I don't understand the first symbol in the 3rd line, and the way I read the 4th line is [imath]\Rightarrow \frac{dy}{d\mathbf{x}} = \sec^2u \;\;\; \frac{d\mathbf y}{dx}=3[/imath], which would have two typos. But otherwise it looks good to me.

 

[ugu]

I don't understand the first symbol in the 3rd line, and the way I read the 4th line is [imath]\Rightarrow \frac{dy}{d\mathbf{x}} = \sec^2u \;\;\; \frac{d\mathbf y}{dx}=3[/imath], which would have two typos. But otherwise it looks good to me.

it is let y =. and yes, what you stated is what was written

 

[blamocur]

it is let y =. and yes, what you stated is what was written

Then the 3rd line contains two mistakes.

 

[ugu]

Then the 3rd line contains two mistakes.

i need them fixed; as i am no too good with at all

 

[blamocur]

i need them fixed; as i am no too good with at all

If you are not too good with the subject we can help you to get better, instead of simply correcting your mistakes.
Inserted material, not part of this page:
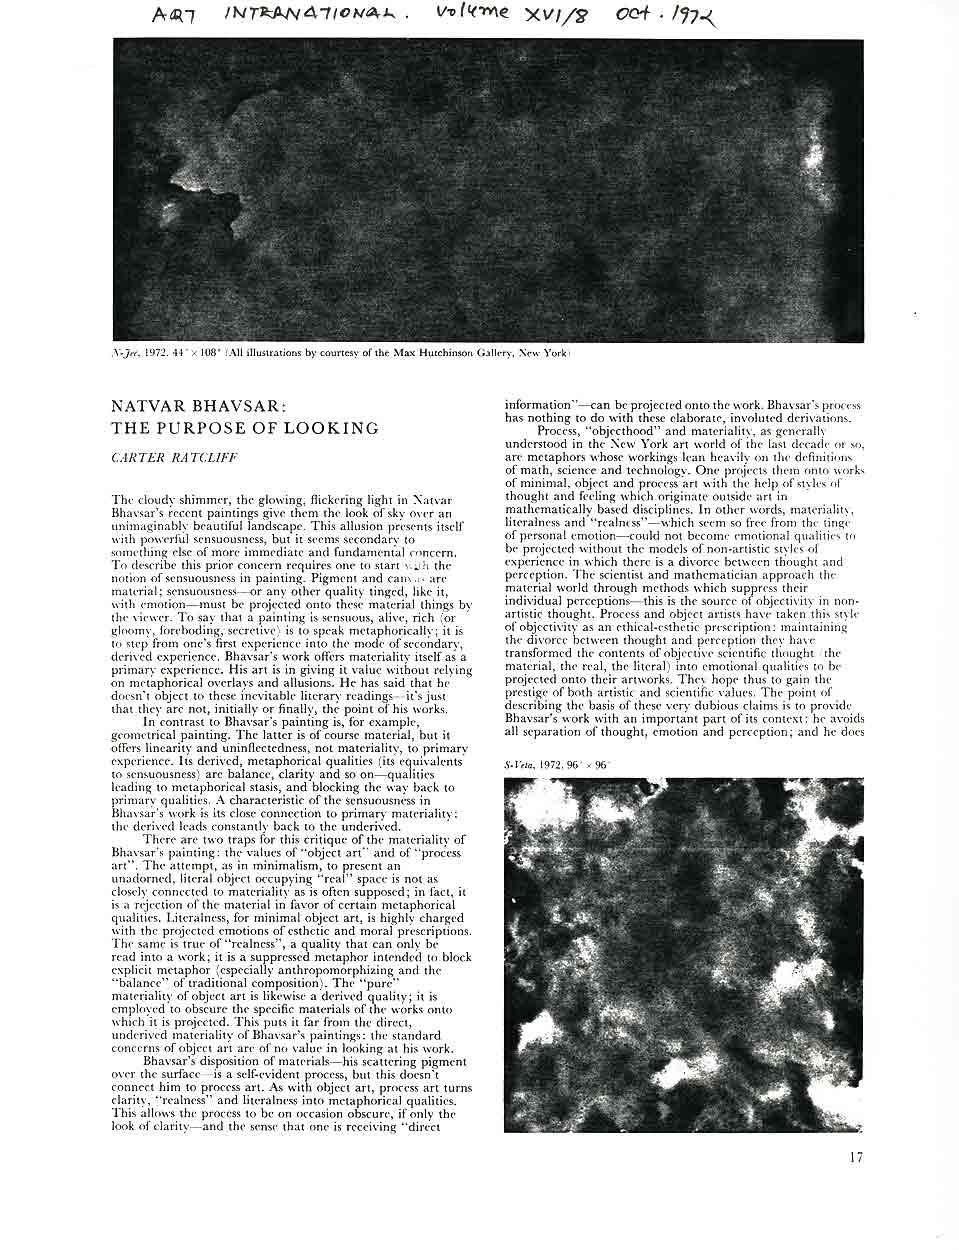 Natvar Bhavsar: The Purpose of Looking, article, pg 1

For starters: why do you think that [imath]\frac{dy}{dx} = \sec^2 u[/imath]?

 

[ugu]

the truth is i do not know, i was just trying to follow some example to solve this. I am not yet getting along with this cause of differential and integral calculus as well as Trigonometry and Coordinate geometry.

 

[blamocur]

You have the chain rule spelled out in the second line, but it seems to have a typo too. The correct one is [imath]\frac{dy}{dx}=\frac{dy}{du} \frac{d\mathbf u}{dx}[/imath]. But your 3rd line is somewhat sloppy -- can you tell me what you mean there?